Neuropsychological evaluation is an integral component of the clinical evaluation of neurodegenerative diseases. This is evidenced by clinical diagnostic criteria for neurodegenerative diseases requiring the presence of cognitive impairment on neuropsychological testing [1418], often defined by standardized test score(s) of 1 to 1.5 standard deviations below the normative mean [14, 17]. The TES research diagnostic criteria emphasize the need for comprehensive neuropsychological testing to substantiate the presence of cognitive impairment [10]. Neuropsychological test scores serve as outcome measures for large-scale multi-center clinical trials of disease-modifying therapies [19]. It is important that cognitive profiles of populations with exposure to RHI, such as former football players, are delineated for research and clinical purposes.

Research studies on the neuropsychological test performance of older former football players have been limited. Schaffert and colleagues conducted a critical review of 22 studies published between 2013 and 2019 on neuropsychological function in former National Football League (NFL) players [3]. Some, but not all, of the studies found evidence for cognitive impairment, most consistently in verbal episodic memory. There were inconsistencies in the domains impaired across studies. That review highlighted the limitations of the research on this topic that include (1) small sample sizes (e.g., n = 9 former NFL players); (2) unknown exposure status of the comparison groups; (3) lack of consistent reporting of effect sizes; (4) substantial variation in the extent and quality of the neuropsychological test battery and associated norming practices; and (5) restricted focus on former professional American football players.

The objective of this study was to characterize the neuropsychological test performance of a large sample of former college and professional football players from the DIAGNOSE CTE Research Project [20]. Neuropsychological function across major cognitive domains was assessed and we report the sample raw and T-scores derived from age, sex, and/or education normative data.
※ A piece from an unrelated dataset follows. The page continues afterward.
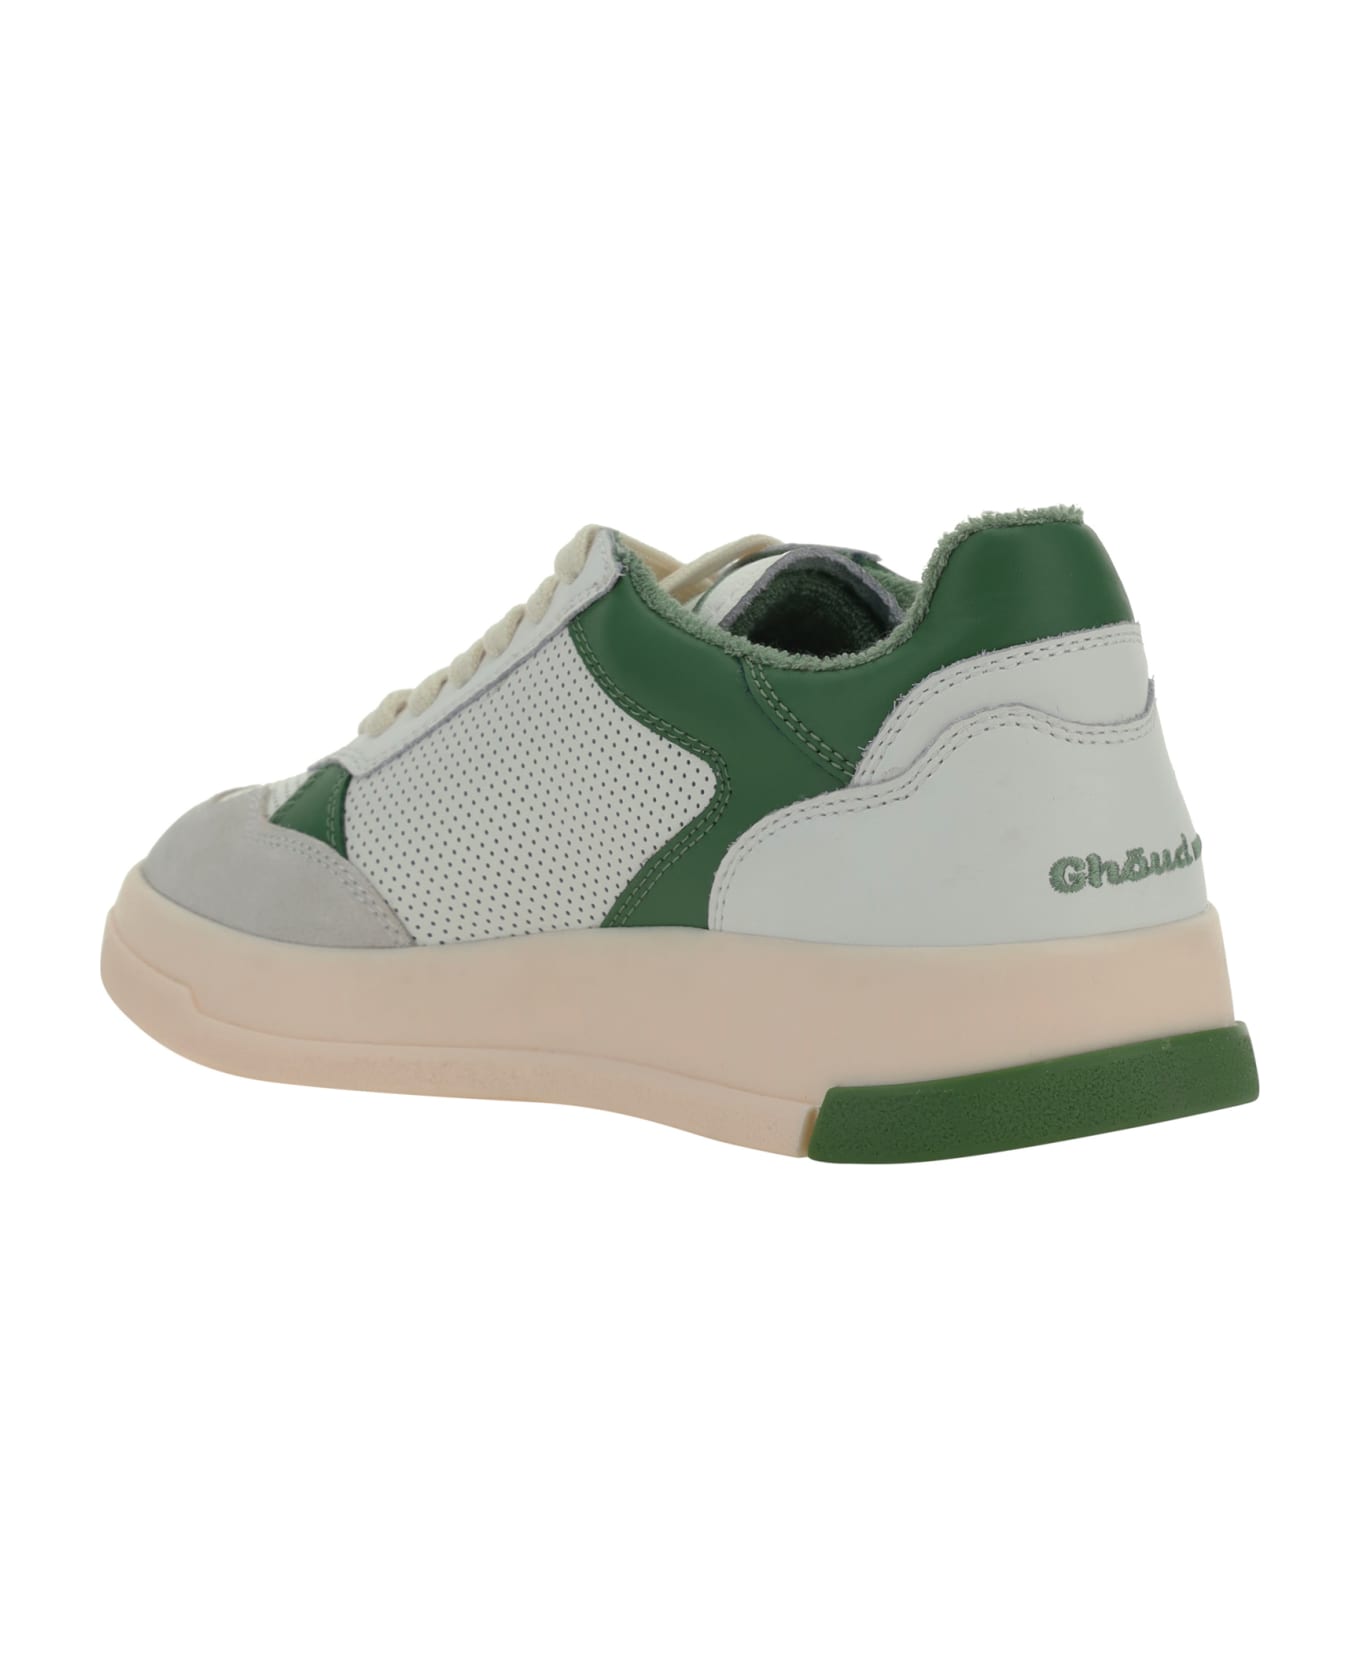 GHOUD Tweener Sneakers - Wht/grn

Rates of impairment by test and cognitive domain are reported.

Methods

Participants and study design

Participants were from the Diagnostics, Imaging, and Genetics Network for the Objective Study and Evaluation of Chronic Traumatic Encephalopathy (DIAGNOSE CTE) Research Project [20]. The objectives of the DIAGNOSE CTE Research Project are to develop in vivo biomarkers for CTE, characterize its clinical presentation, and refine and validate clinical research diagnostic criteria. The study enrolled 240 male participants, ages 45–74, including 120 former NFL players, 60 former college football players, and 60 asymptomatic men without a history of RHI or TBI. All participants volunteered to participate as a part of a research study and they were compensated $500 for their time. Evaluations and participation were not done as part of clinical care or medico-legal purposes. Baseline evaluations were completed between September 2016 and February 2020. Inclusion criteria included no contraindications for MRI, lumbar puncture, or PET procedures; English as the primary language; and consent to all study procedures. Because RHI can often result in TBI, TBI was not exclusionary in the former football players. The former college football players must have played ≥ 6 years of organized football with ≥ 3 years at the college level. Former professional football players must have played ≥ 12 years of organized football, including ≥3 in college and ≥4 seasons in the NFL. Although recruitment for the former football players was not based on cognitive (or neuropsychiatric) status, most football players had subjective cognitive concerns at the time of study screening based on the AD8 Dementia Screening Interview and Cognitive Change Index (Supplemental Table 1).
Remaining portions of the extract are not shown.